Take your position to it's limit ... why learn math when we have calculators ?

I personally detest "online beam calculators". They produce nice looking pictures, blah, blah, blah, and their results are taken as fact (which I accept they probably are) but how hard is it to solve a beam, even a statically indeterminate one like this ? What they do, in the people I've seen using them, is erode that fundamental understanding of structures and our analysis of them. As a manager I had to do as assessment of potential university grads. People, recent grads, applying for a job in stress analysis couldn't "derive the bending moment equation for a simply supported beam with a single point load (using the method of cuts)". People with a Masters couldn't. In 5 years, maybe 5 could; including one guy who had the initiative to ask someone who'd done my test what the question was (he got extra points).

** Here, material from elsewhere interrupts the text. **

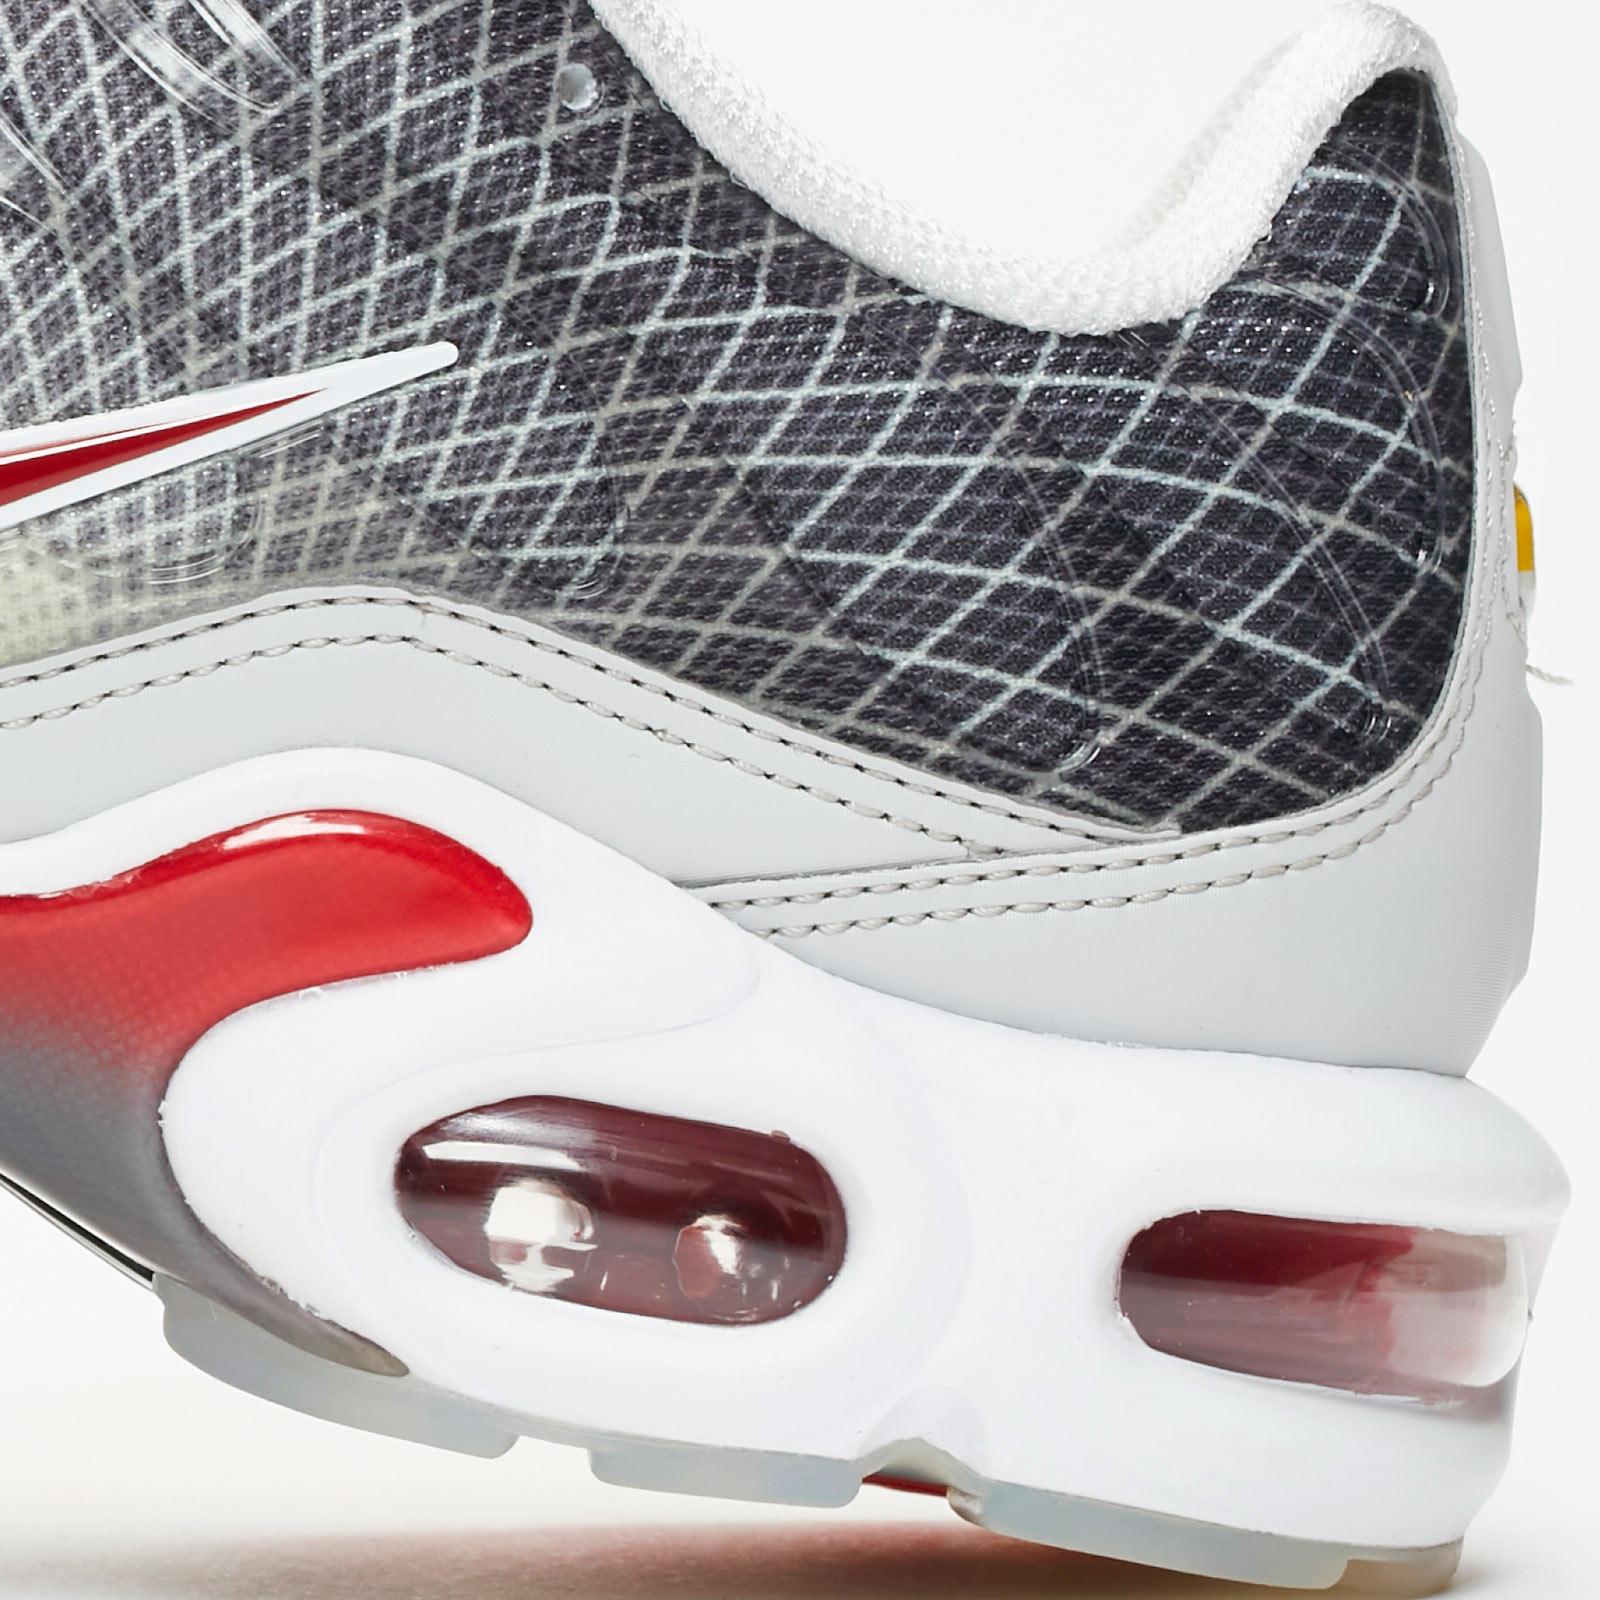 Nike Air Max Plus Og Bv1983 001 Sneakersnstuff Sneakers

"Wir hoffen, dass dieses Mal alles gut gehen wird!"
General Paulus, Nov 1942, outside Stalingrad after the launch of Operation Uranus.

 

[Celt83]

This being a textbook question usually they will build on previous problems so if you just jump in at random you’ll be missing the previous works the authors planned for. In my experience for a problem like this there was probably an earlier problem asking for the deflection at a point of a single span beam with triangular load in the span (likely this was in the double integration chapter).

If your jumping in as someone out of school for a refresh then you should already have the knowledge to generate the functions for the deflections.

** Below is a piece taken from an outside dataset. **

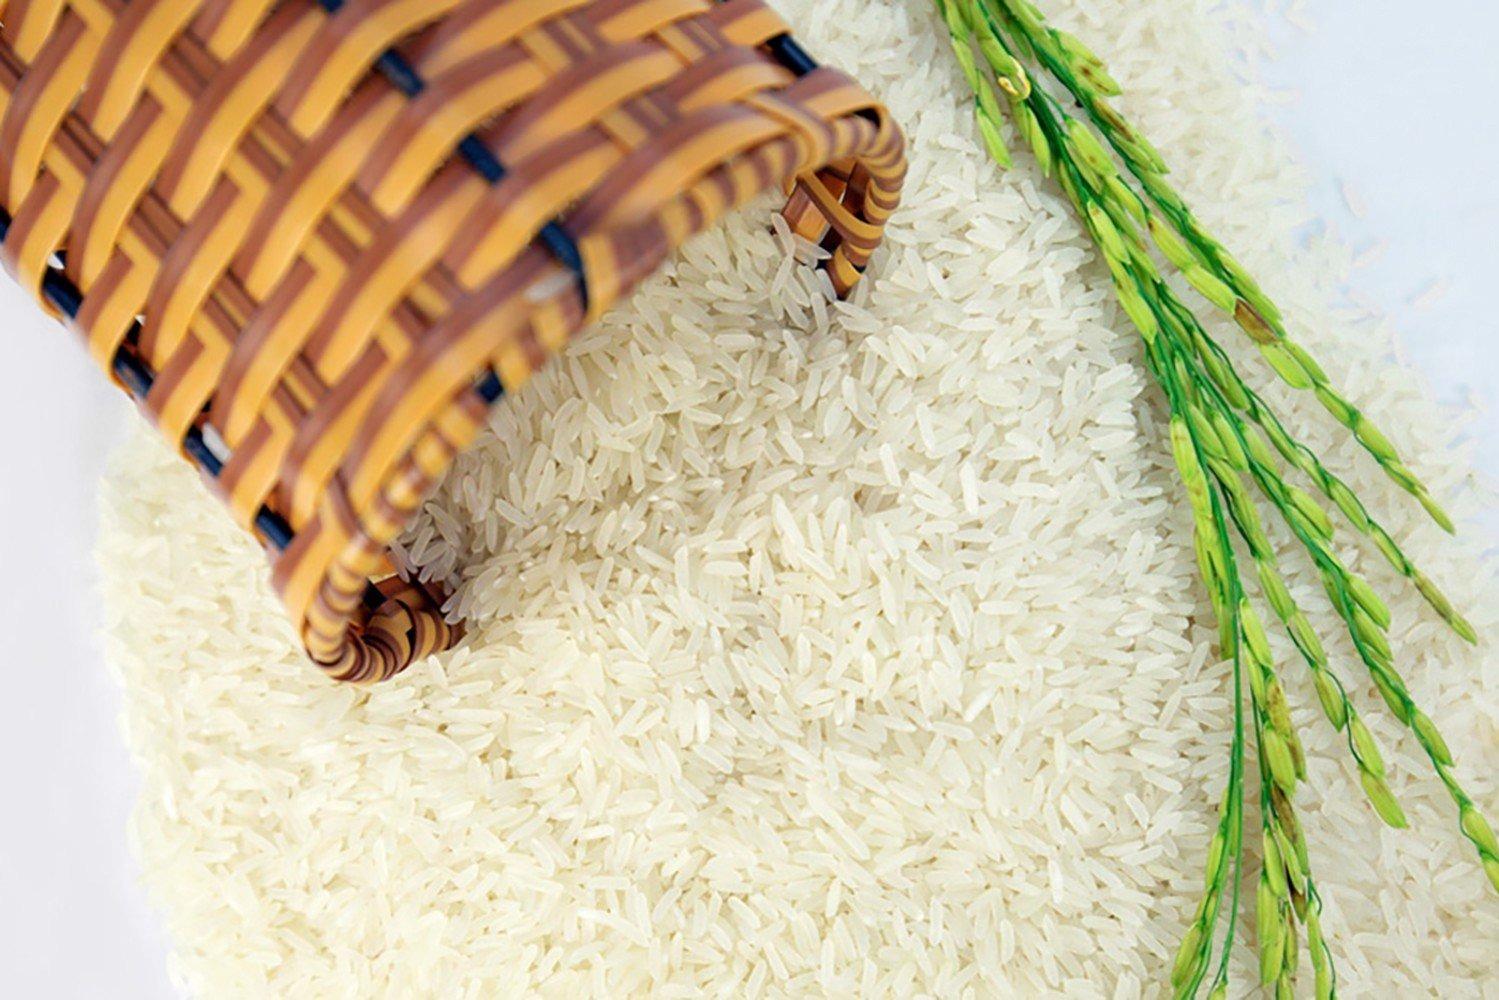 Giá lúa gạo hôm nay 23/9: Tăng giảm trái chiều 1

The approach of removing the two end supports and looking at it as two cantilevers should give the same answer but maybe a bit more work compared to removing the interior supports with the book keeping of tracking through joint slopes and deflection on opposite ends.

“ Instinct/Understanding to error check …”
Without being able to derive or having derived the formulas I would argue that one would lack both the instinct and understanding necessary to error check the software.

Starting to see this manifest as some textbooks have started removing chapters on slope-deflection, etc. and instead have placed them in an appendix opting to jump straight to 2d stiffness method. I’m not entirely against this as a lot of the software is stiffness based but think there is some loss of instinct by dropping some of the classical methods.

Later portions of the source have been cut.